The situation has resulted in a double threat for cancer patients, who have faced not only COVID-19 infection, but also cancer . “We have tried to make an oncology link with Primary Care so that patients are not afraid to go to the hospital and that they do not stay on the path of a late diagnosis of cancer, which is much more deadly”, indicates De Castro.

The role of professionals has therefore gone much further, extending humanization as much as possible in the context of telematics and virtuality. At the hospitalization level, for example, video calls have been used “to bring together people who were experiencing loneliness in their situation,” according to Hernández. Something that can only worsen the prognosis. “Loneliness greatly influenced pain, understanding that this is a symptom, but that the person is divided into multiple spheres. We have to approach everything holistically”, stresses the palliative care expert.

pain is bad medicine

In the telematic context derived from the pandemic, the psychological part has been “essential” in this process within the doctor-patient relationship. “Pain is a subjective symptom and, in the remote consultation, you only have what the person who suffers from it says. To be able to treat it, you have to take a very extensive clinical history,” says Holgado.

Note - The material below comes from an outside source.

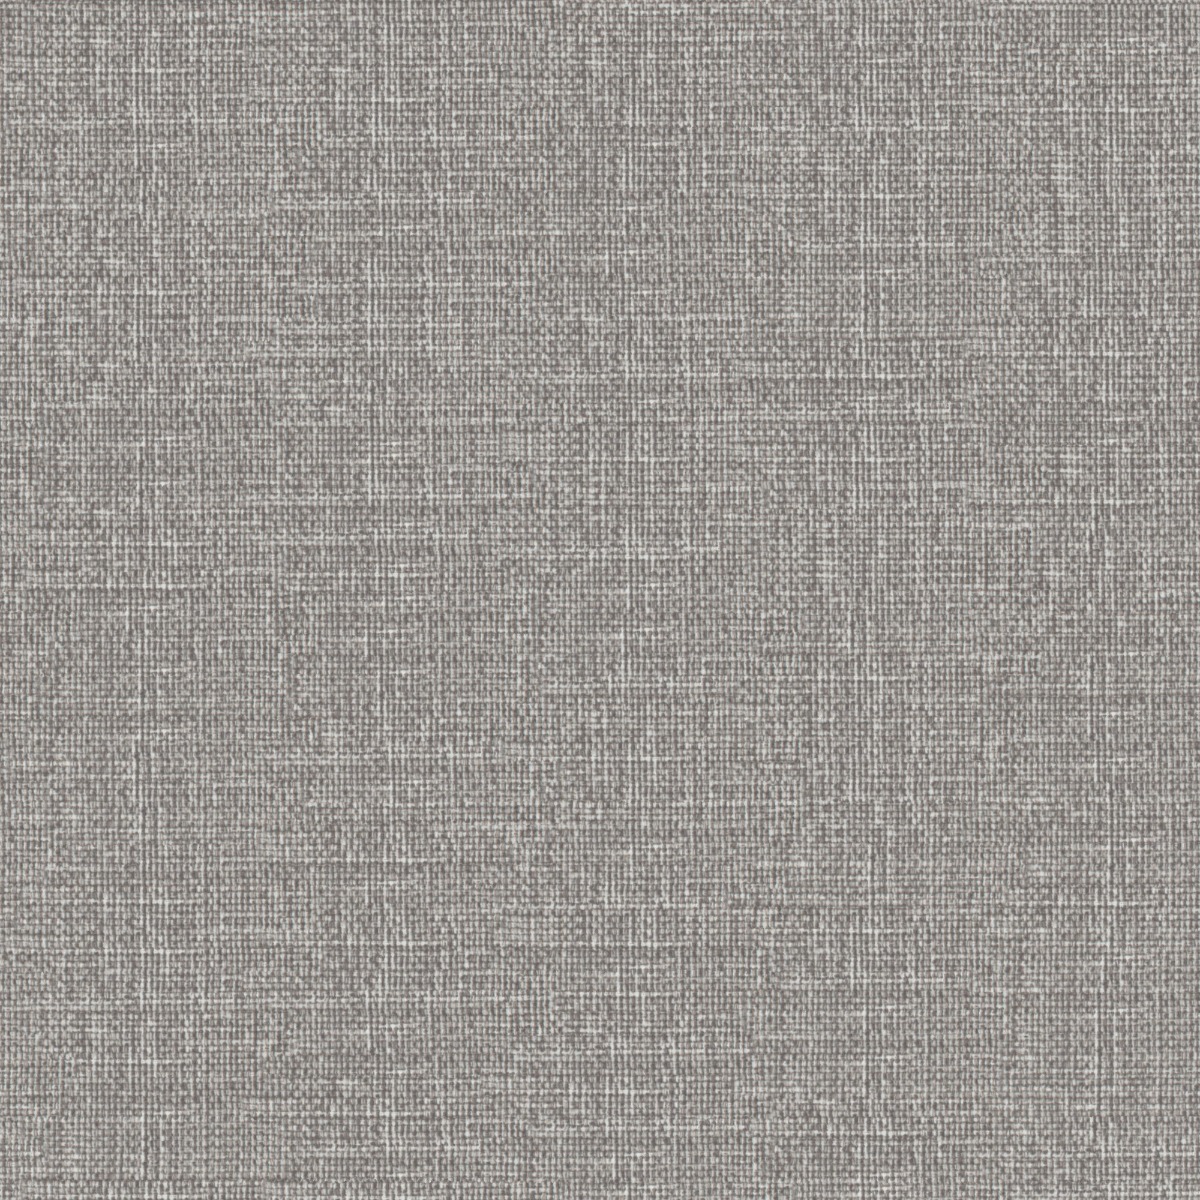 A seamless fabric texture with plain grey velvet units arranged in a None pattern
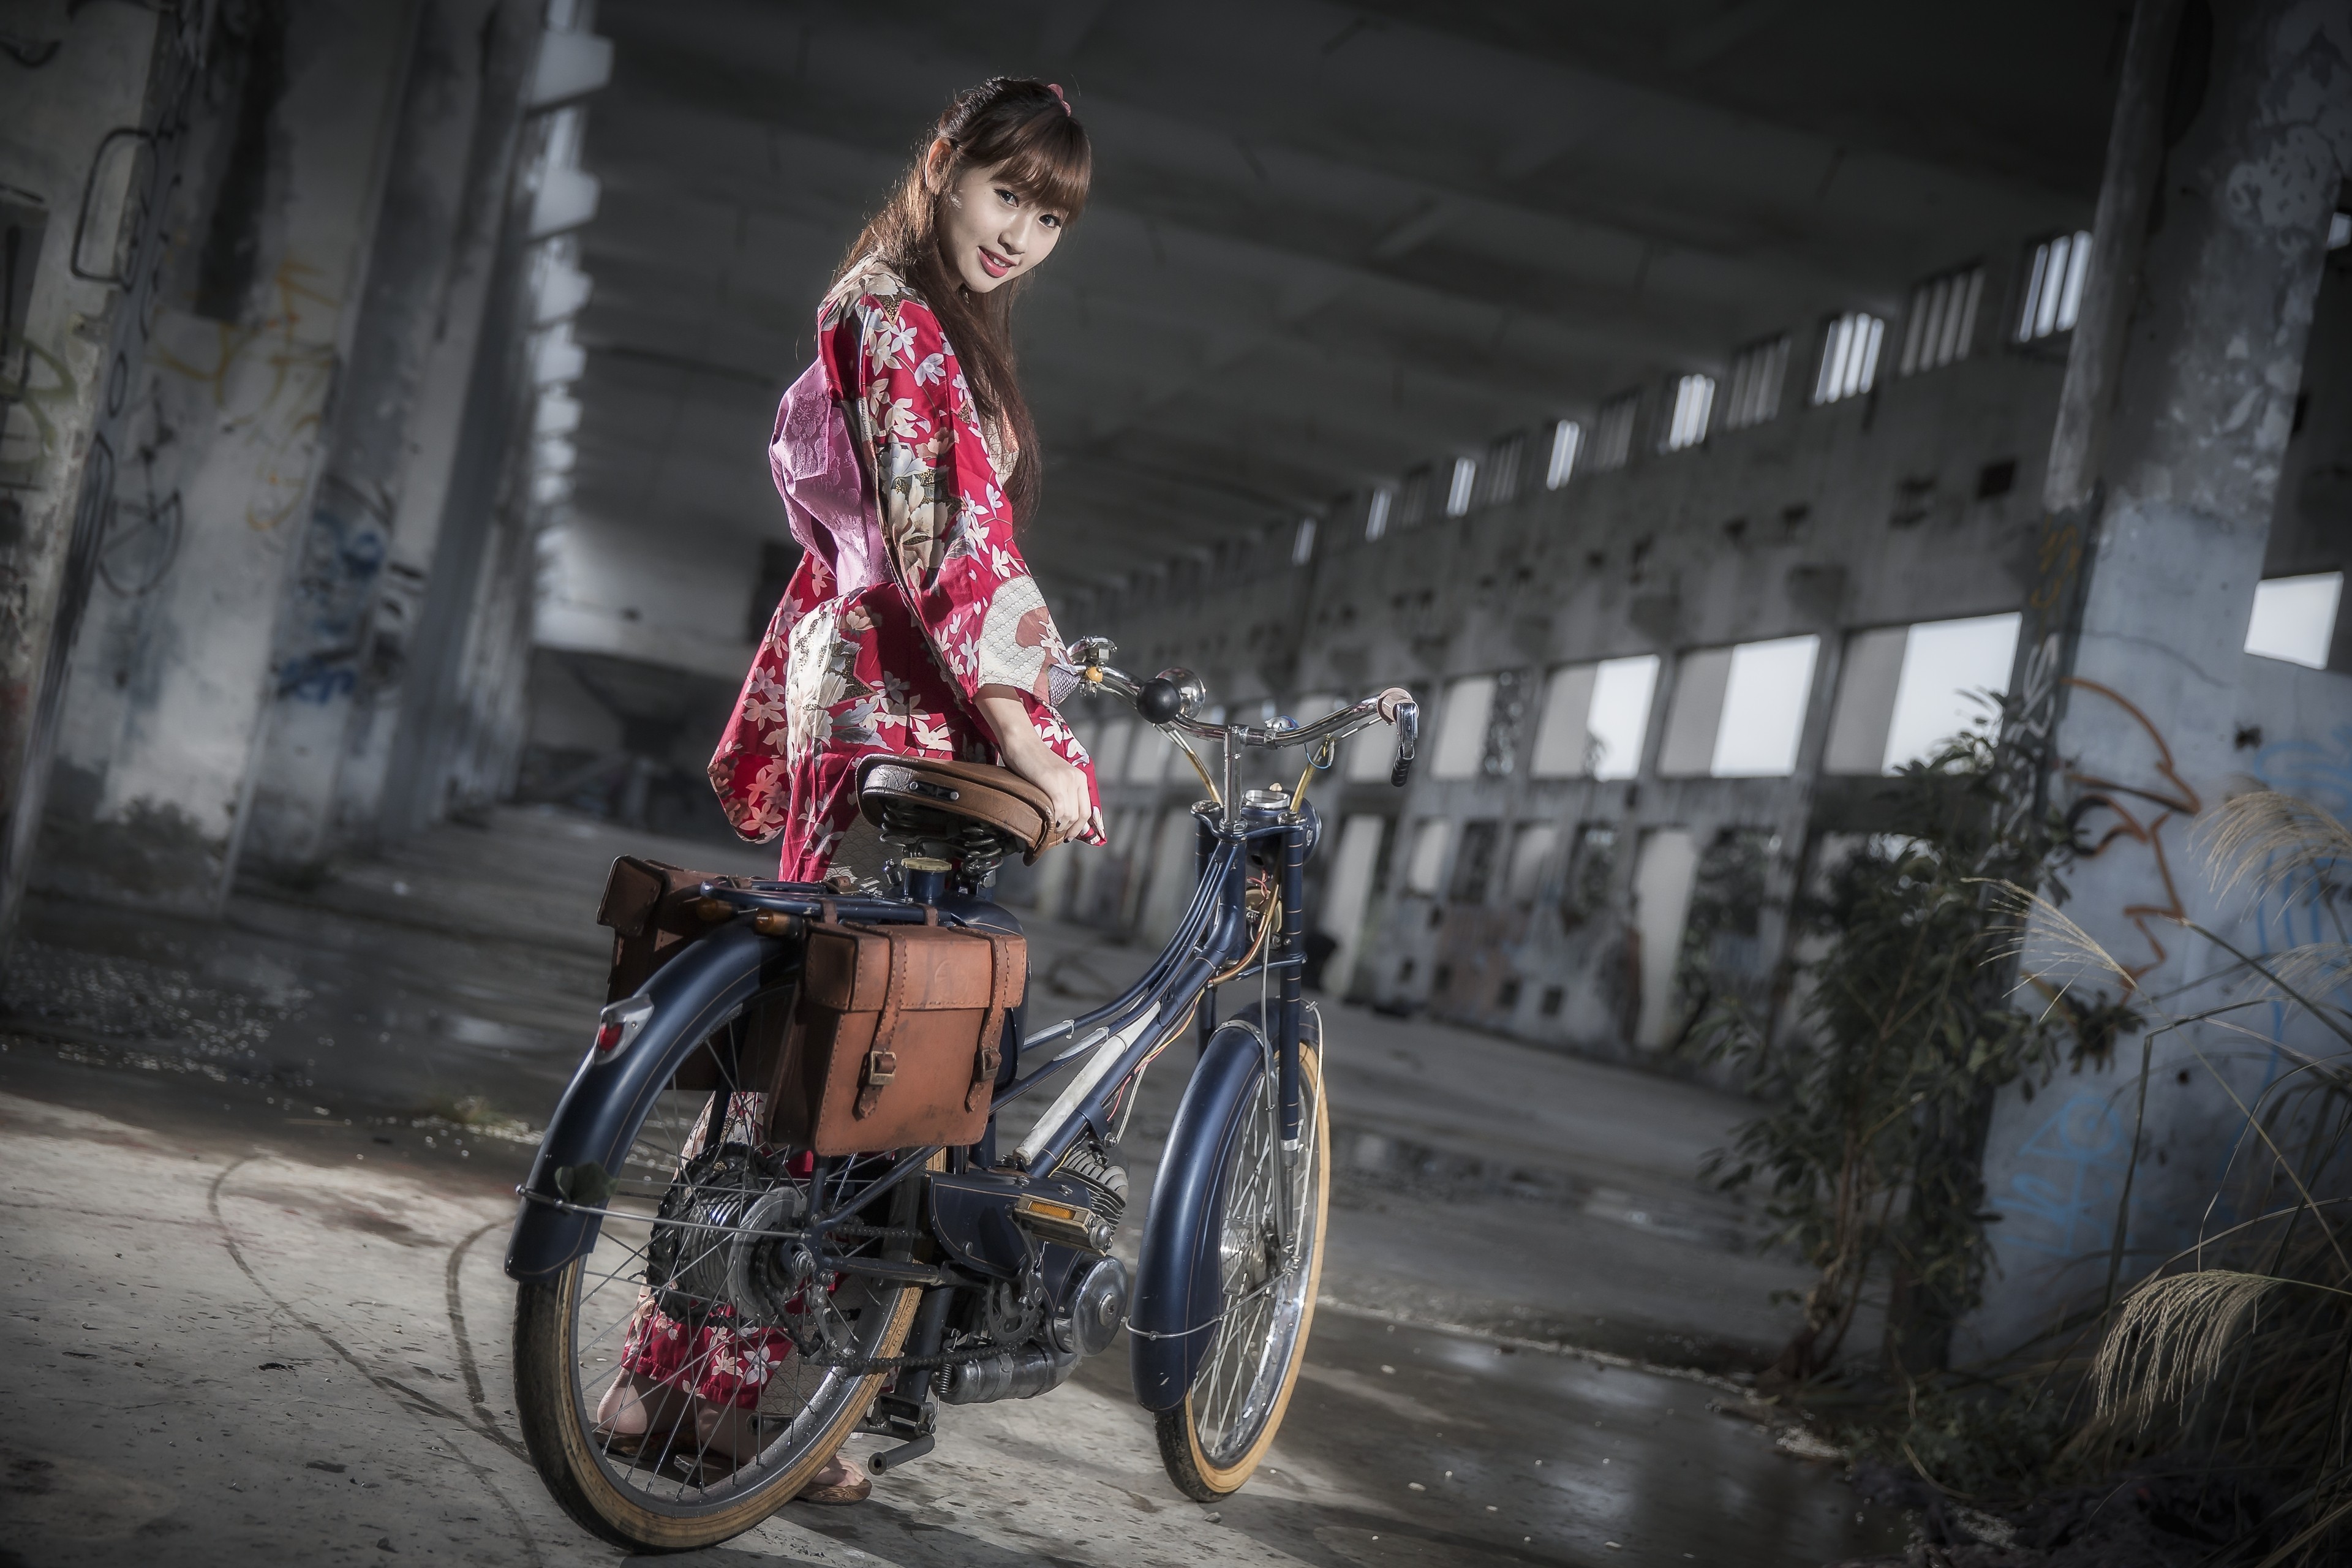 Asian Bicycle Women Model Women With Bicycles 3840x2560

The fact of not adequately alleviating pain can lead to greater dissatisfaction and lower quality of life for patients, regardless of the effectiveness of their treatment against the disease. In addition, it has been shown to influence the development of oncological pathology .

In this sense, the importance of multidisciplinary work becomes key. Nursing professionals, for example, play a fundamental role given their closeness to the patient who does not dare to say that it hurts.